Florian: How do you balance building products and marketing? Being on social media, how do you balance that? Is that very deliberate? Is it more how you feel on each day?

Ramsri: It is a blend. Some people follow a marketing week and building week structure, but generally so far I have not done anything like that. For me, everything is blended. For example, if I have implemented most features for SaaS and I have time, I go and update a course or create a new course. When I am bored of courses, I work on SaaS updates because people will be emailing and there will be some consistent themes that people are asking for. The other thing that I do is whatever I encounter, whether it is understanding payments with Stripe or how to do something in no-code tools like Bubble.io, whatever I struggled with today, I will post it tomorrow into a blog post or a Twitter thread or LinkedIn post. What I realized is that if with ten years of experience I struggle through something, then I know that at least beginners have something to learn from that. Although, I might look stupid sometimes not understanding the taxes in Stripe, I still go ahead and ask. I realized recently that even if you have a SaaS operating out of US and have nothing to do with Europe, you still have to collect and report taxes if you have one European customer even for some of the countries. You have to pay VAT, at least register online and pay and that was not obvious to me. There are so many things like that, even Whisper. Once I used it in production for some outputs and it was so bad that you cannot even imagine how these two, three sentences were randomly generated by Whisper. I tell people that we found five videos which were fine to listen to, but Whisper did very bad on them. I tell people about things that only a practitioner would know.

Florian: Let us talk about Supertranslate. What is Supertranslate? Who is using it? How do you see traction? Where do you see traction?

Ramsri: In short, Supertranslate, as of today is a one-click subtitling app. No matter whether your audio or video is in 100 plus languages, you can subtitle in English in one click. People do not understand the whole of it.

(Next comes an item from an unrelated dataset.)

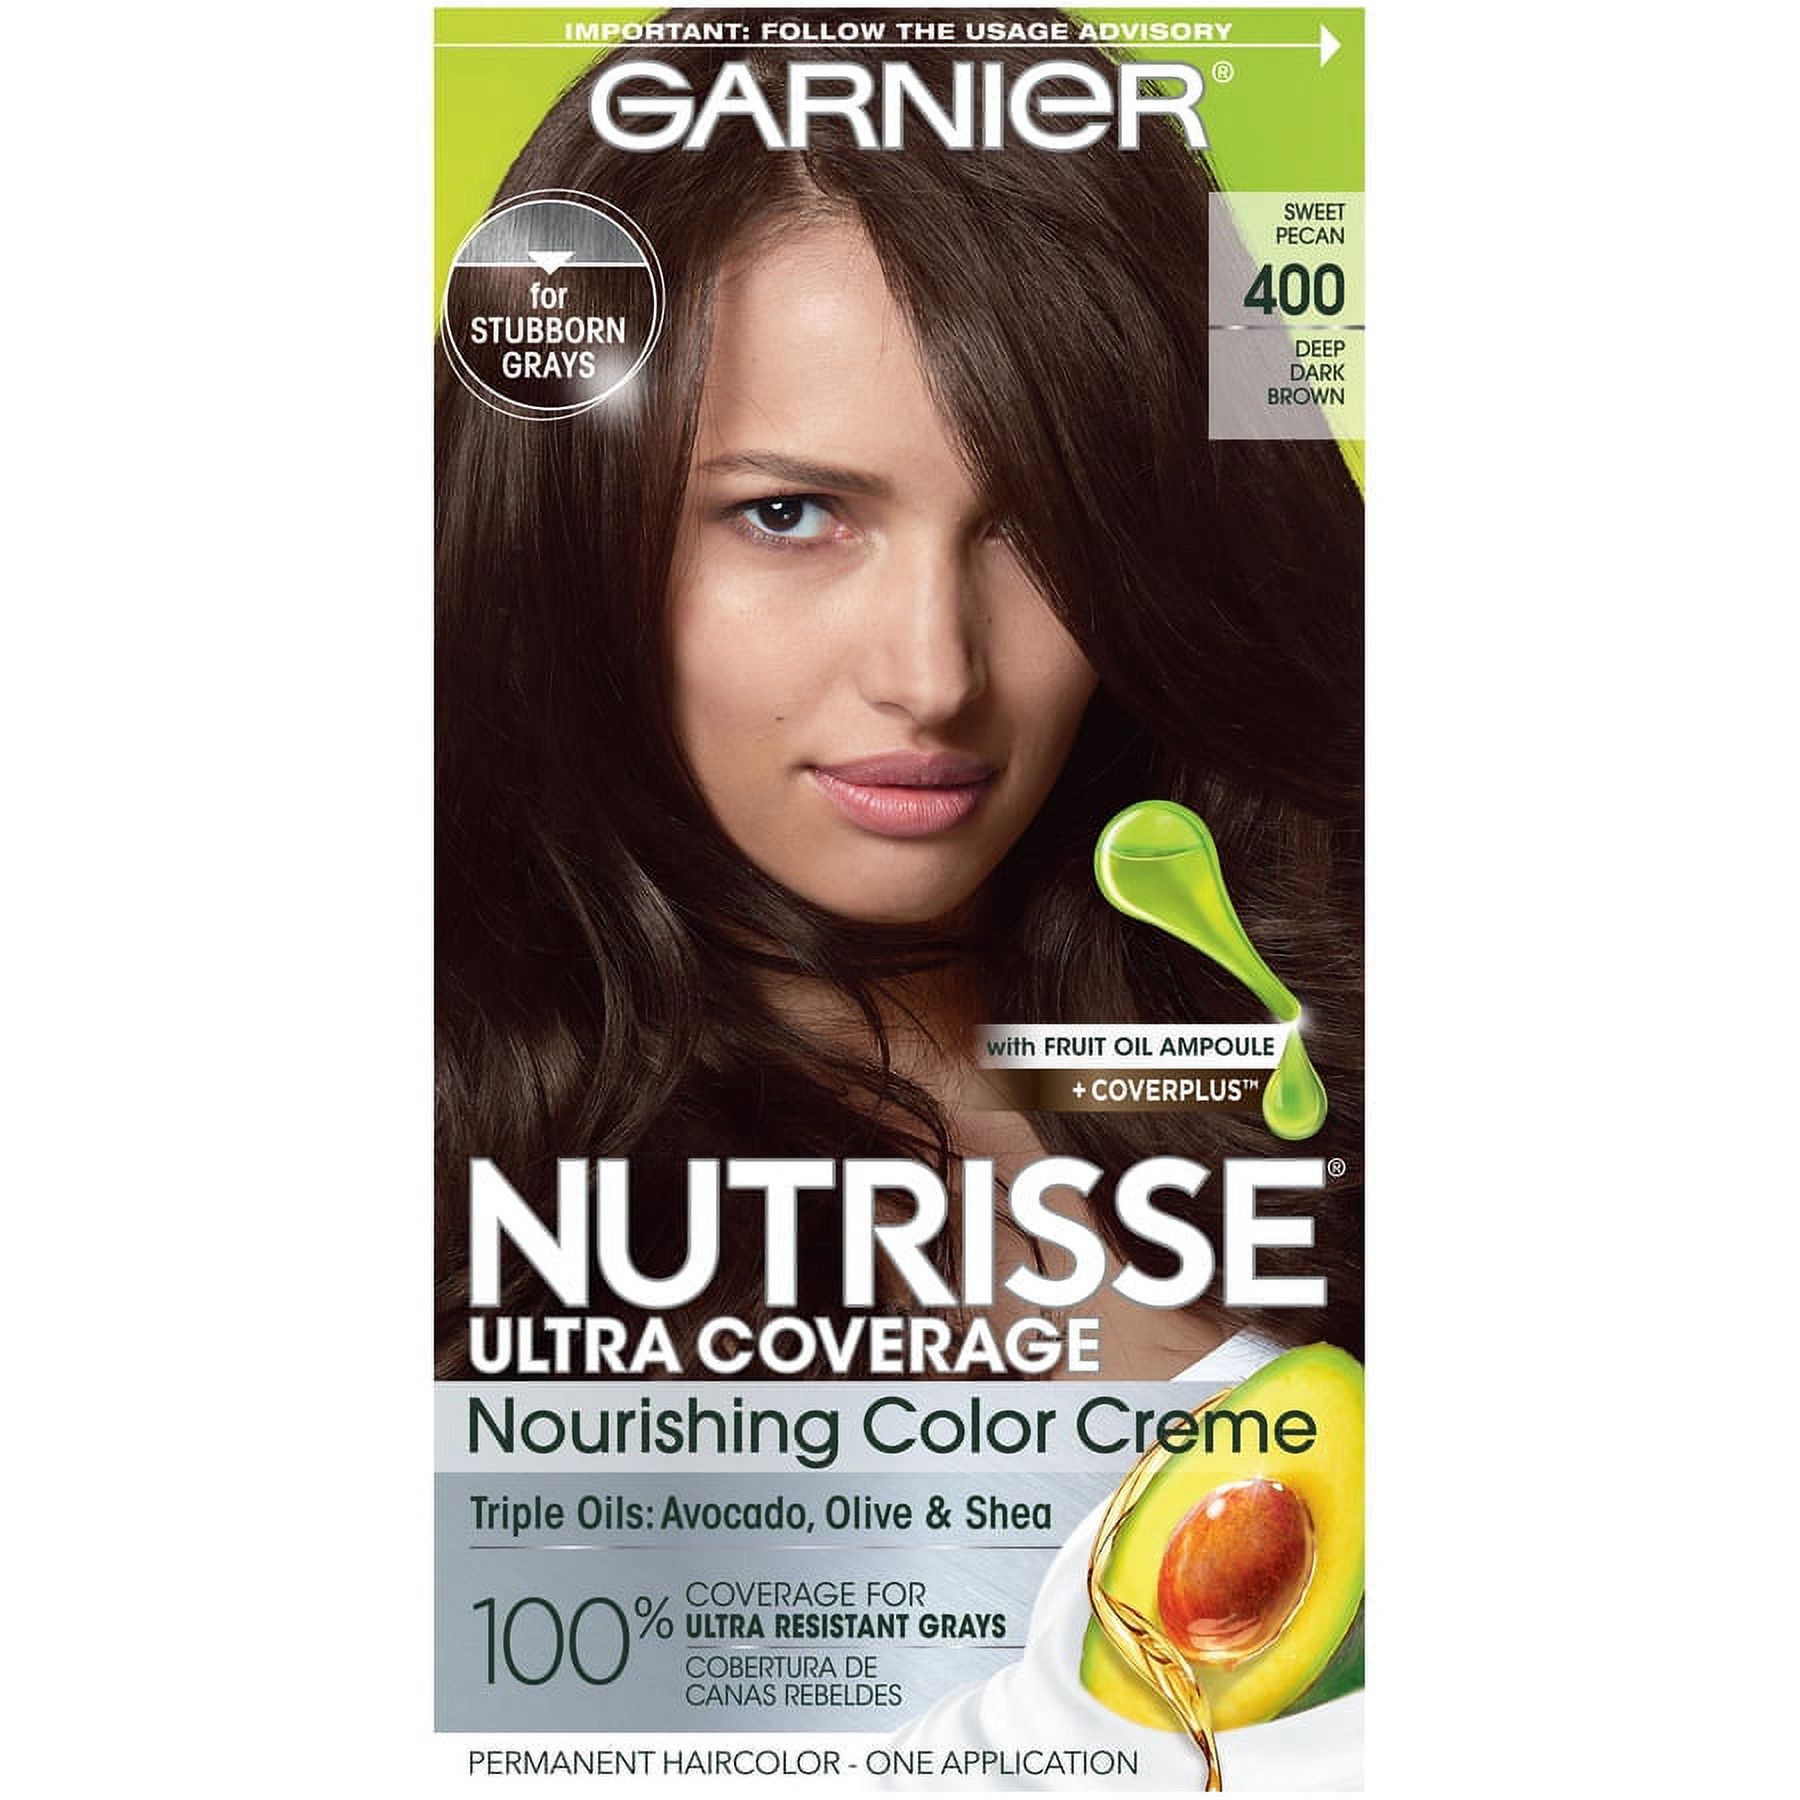 Garnier Nutrisse Nourishing Hair Color Creme, 400 Deep Dark Brown Sweet Pecan - image 1 of 8

Coming from localization industry, you would be aware that there are guidelines. It should not exceed certain characters and the split should happen not abruptly, but where there is a conjunction, so that it is smooth. The other thing is speaker diarization and identifying different speakers or word level timestamps. Subtitling itself has quite a lot of nuances beyond getting the transcription. How do you split the transcription perfectly with split length taken into account and other things? Once Whisper came out, we realized that there is a new wave of subtitling that you can do with Whisper. If you wanted to convert any video or audio from French to English, you previously had to do French speech-to-text, then a translation, and then you would get the subtitles. What Whisper did, which was revolutionary, was one-click translation directly from any language to English without any intermediary translation engine. It was about time to leverage this one-click direct translation as well as the accuracy of Whisper and build on top of this. The end goal is much bigger, which is to build one-click motion graphics for short form creators. For example, you might have seen these videos where text appears as motion graphics popping up, zooming in, sliding, things like that. Can you do that in one click? If you give me a short form video that you are posting on Instagram, I can give an output video with subtitles that have Whisper’s accuracy, but with animations that are overlaid. You do not need to edit for 2 hours to get those kind of animations, rather you have one-click motion graphic subtitles.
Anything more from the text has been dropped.